[YOUR ASSIGNMENT]: Please write out the whole listing that follows exactly; the pictures stay out.
*** EXERCISE DATA ***
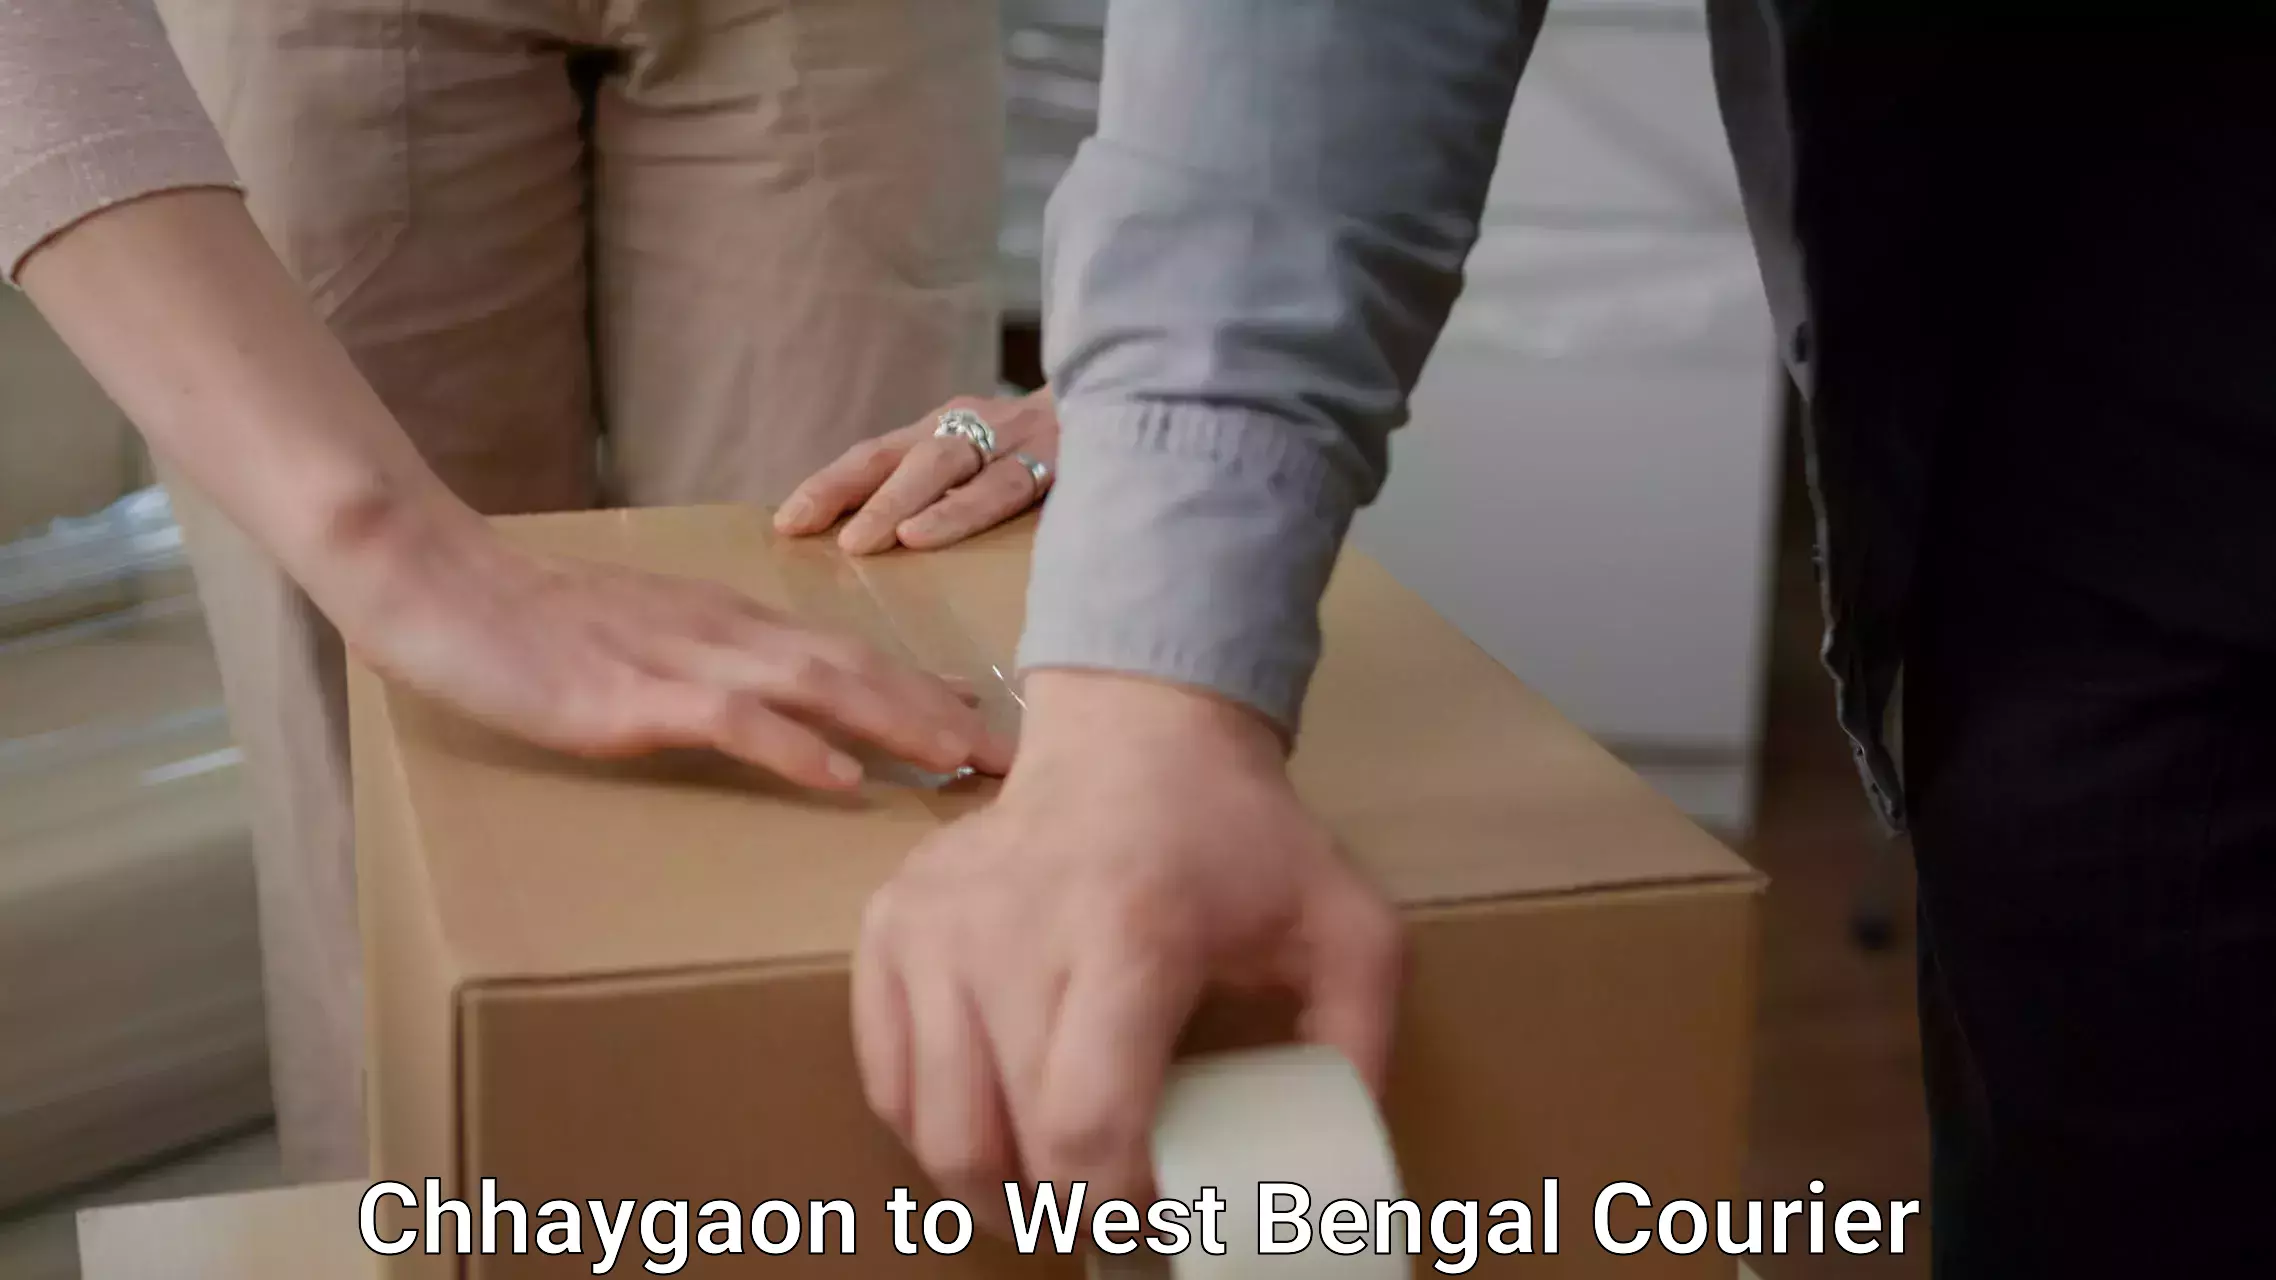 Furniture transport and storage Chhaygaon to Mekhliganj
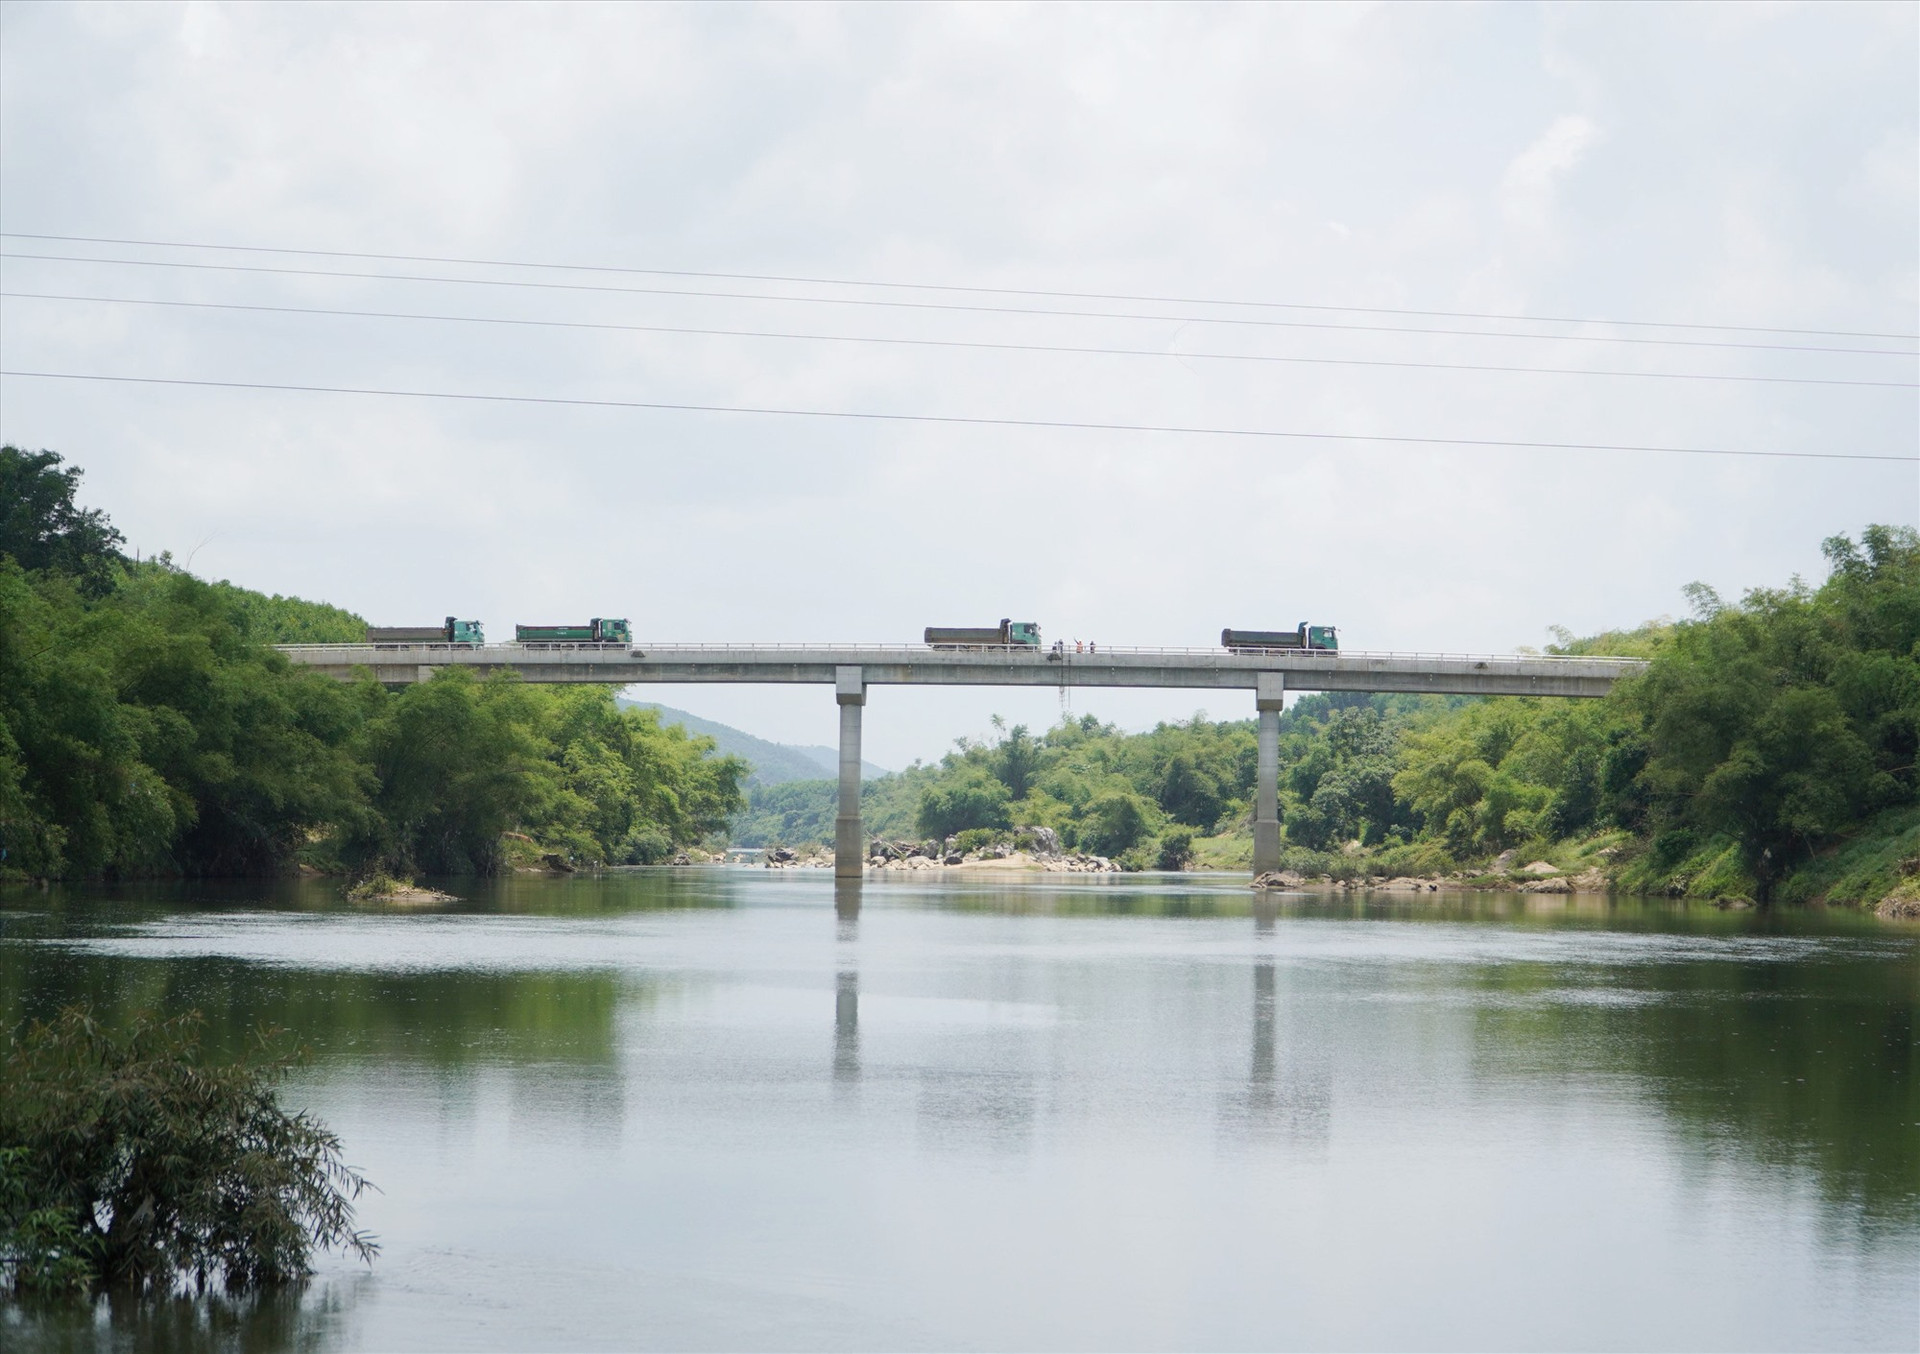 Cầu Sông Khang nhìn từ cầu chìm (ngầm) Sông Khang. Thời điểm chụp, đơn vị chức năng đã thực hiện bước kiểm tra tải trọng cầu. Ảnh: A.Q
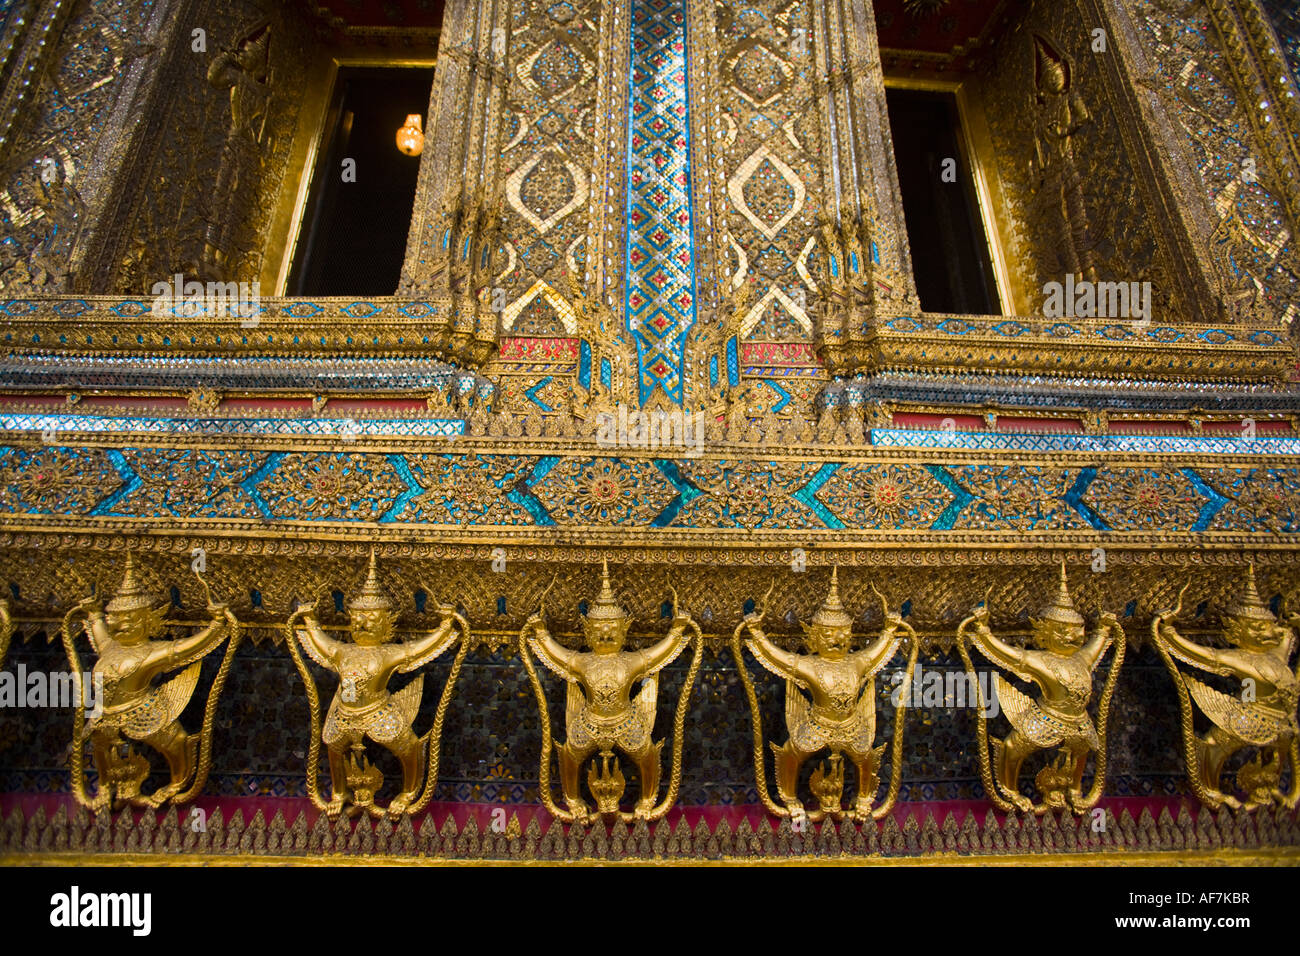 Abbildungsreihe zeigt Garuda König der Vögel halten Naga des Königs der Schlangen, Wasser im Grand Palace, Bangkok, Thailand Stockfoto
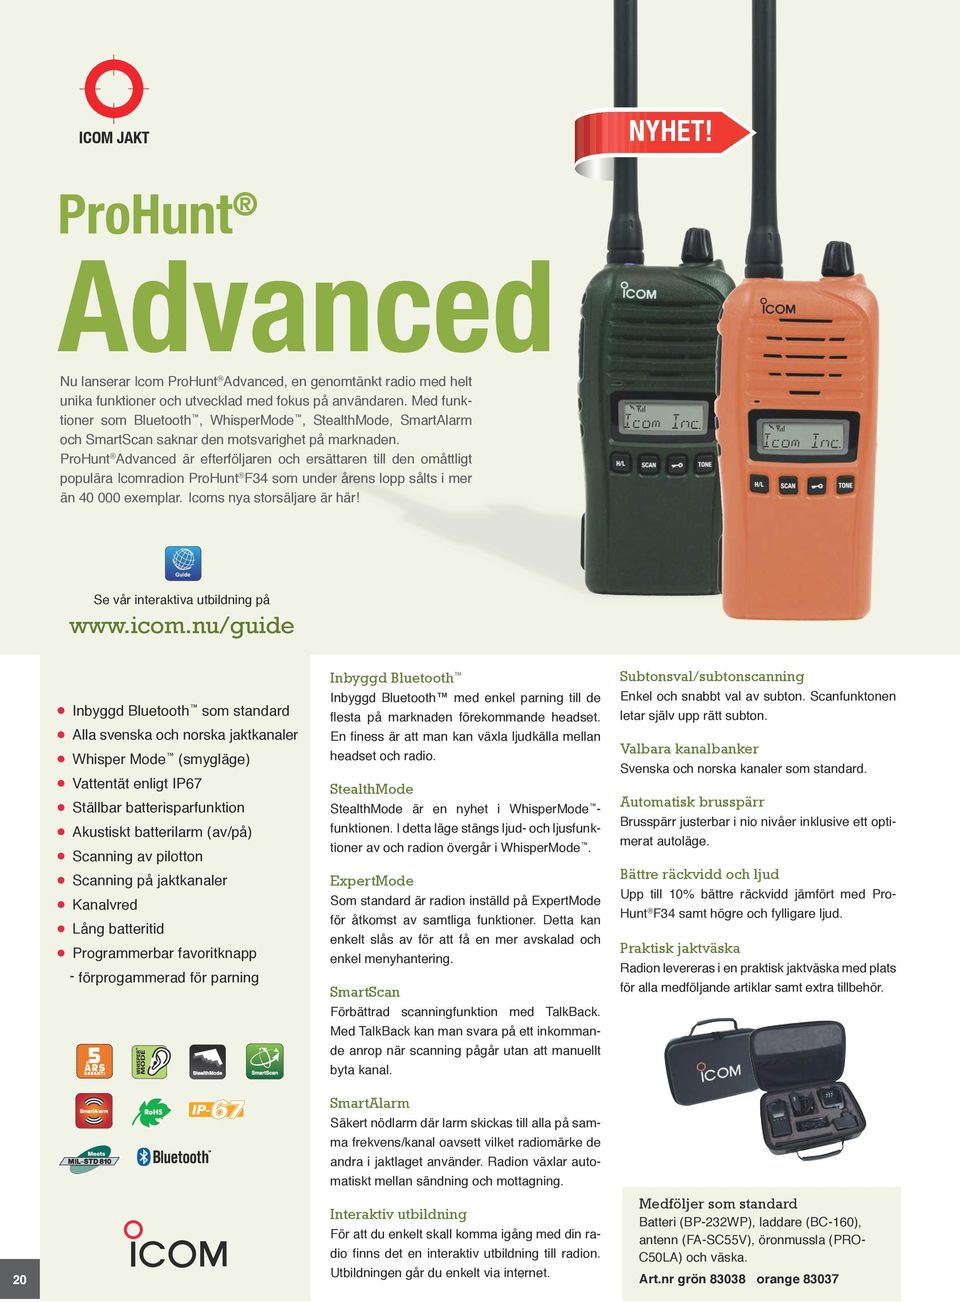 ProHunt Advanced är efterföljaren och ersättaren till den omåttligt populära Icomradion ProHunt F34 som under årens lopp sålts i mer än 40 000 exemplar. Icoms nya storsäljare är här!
*** End of EXERCISE DATA ***
[WRITTEN ANSWER]:
 Furniture transport and storage Chhaygaon to Mekhliganj
 Cầu Sông Khang nhìn từ cầu chìm (ngầm) Sông Khang. Thời điểm chụp, đơn vị chức năng đã thực hiện bước kiểm tra tải trọng cầu. Ảnh: A.Q
 Abbildungsreihe zeigt Garuda König der Vögel halten Naga des Königs der Schlangen, Wasser im Grand Palace, Bangkok, Thailand Stockfoto
 ProHunt Advanced är efterföljaren och ersättaren till den omåttligt populära Icomradion ProHunt F34 som under årens lopp sålts i mer än 40 000 exemplar. Icoms nya storsäljare är här!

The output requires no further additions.